Real-Time Information
Every participant in the food sector has access to the same ledger records due to the distributed nature of blockchain technology. Updated data is simultaneously visible to all users within the network. This gives the entire supply chain the right to respond more quickly to any threats to fraud or incidents involving food safety.
The potential advantage that the blockchain offers to all parties involved in the supply chain—processors, growers, distributors, suppliers, retailers, and regulators—is one of its distinctive features. Here are a few of them.
Producers: Producers are able to quickly detect and stop any possible harm before it reaches the retailer in the event that there are attempts to tamper with a food item as it travels through the supply chain.
Retailers: Should a food product that poses a risk to public health find its way onto the market, it can be promptly detected and taken off the shelves. This removes the requirement for pricey batch recalls.
Customers: Because of the blockchain's transparency and openness, consumers can feel more certain that the food they are purchasing and consuming is precisely what the label claims to be. At the moment, 75% of customers don't think food labels are accurate.
Blockchain to Improve Food Safety
If a merchant could observe and verify 100% of the time the location of every food item's growth, processing, handling, storage, and inspection, it would be unrealistic. It is impossible to follow every step of its journey from the farm to the retailer. But with blockchain traceability, this is 100% possible because of its potential. The food chain blockchain eliminates gaps in food product history, location, and status by displaying the entire picture. For example, in the event that a store discovers a potentially fatal problem with rock melons, users of the blockchain network can quickly examine the complete history of those melons in order to identify the source of the issue. When needed, a prompt recall is conducted for the impacted rock melon from that particular farm or batch.

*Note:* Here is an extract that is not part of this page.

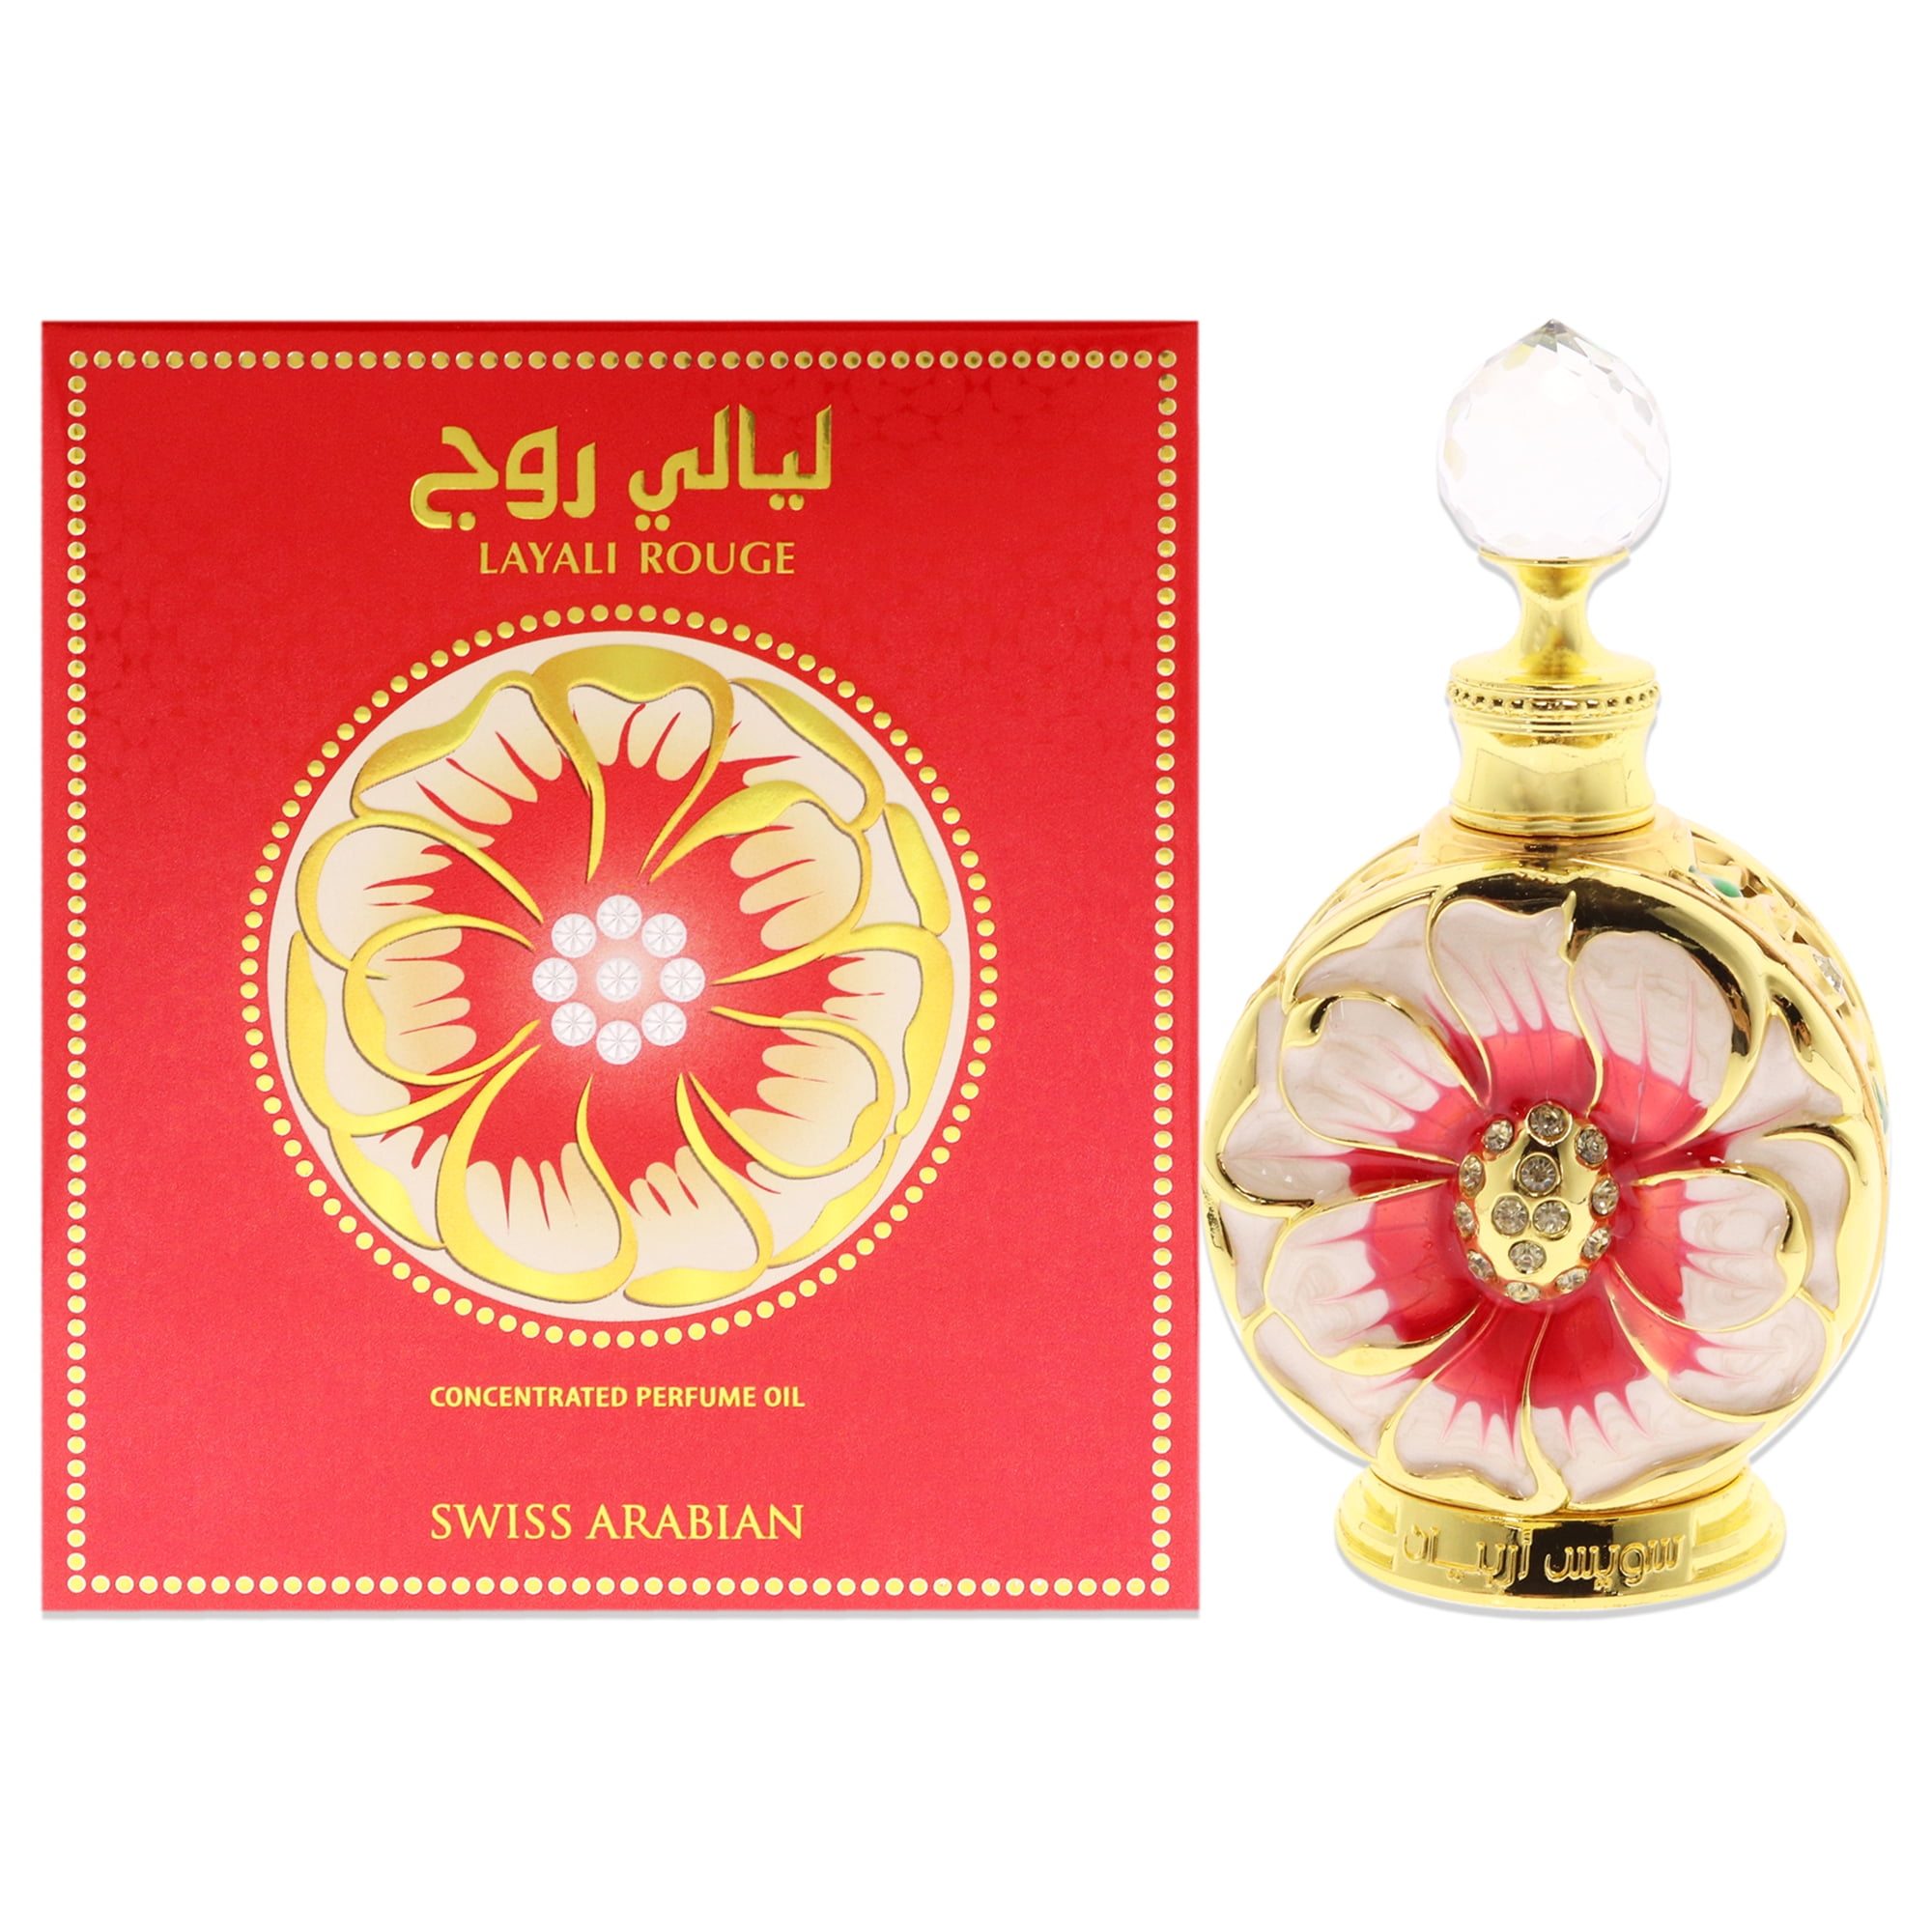 SWISS ARABIAN Layali Rouge  Fragrance Review

"How quickly can a food product be recalled?" is the query. Walmart, IBM, and Tsinghua University inked a deal in October 2017 to investigate food supply chain authenticity and traceability using blockchain technology. Walmart investigated how quickly it could track mangoes in one of its stores back to its original farm before utilizing blockchain for the experiment, and it took six days, eighteen hours, and twenty-six minutes. In the case of blockchain, it took 2.2 seconds.
Blockchain Bringing Back Trust to the Food Industry
Most of the time, food makers and processors have trouble confirming where their ingredients come from. There should be comprehensive information regarding the ingredients and manufacturing method of any food product if the processor wants the public to have faith in its quality and origin.
Since the blockchain enables private and secure information sharing between growers and processors while also allowing the supply chain to verify the information, this is not an issue for it. To put it another way, it provides a Web-of-Trust framework that enables network users to assess and verify claims made regarding food, including those on the food's provenance, nutritional value, sustainability, and other topics.
But for this system to function, the data it is given must be correct. If food processors are entering accurate data, the results will be correct; if the data originates from an incorrect source, the entire objective will be defeated. Data is now kept in centralized databases or on paper, both of which are vulnerable to fraud and human mistakes. Sensors can be used as one solution to this issue. Sensors are a useful tool for food processors to obtain precise and comprehensive data that is then shared with all parties involved in the supply chain.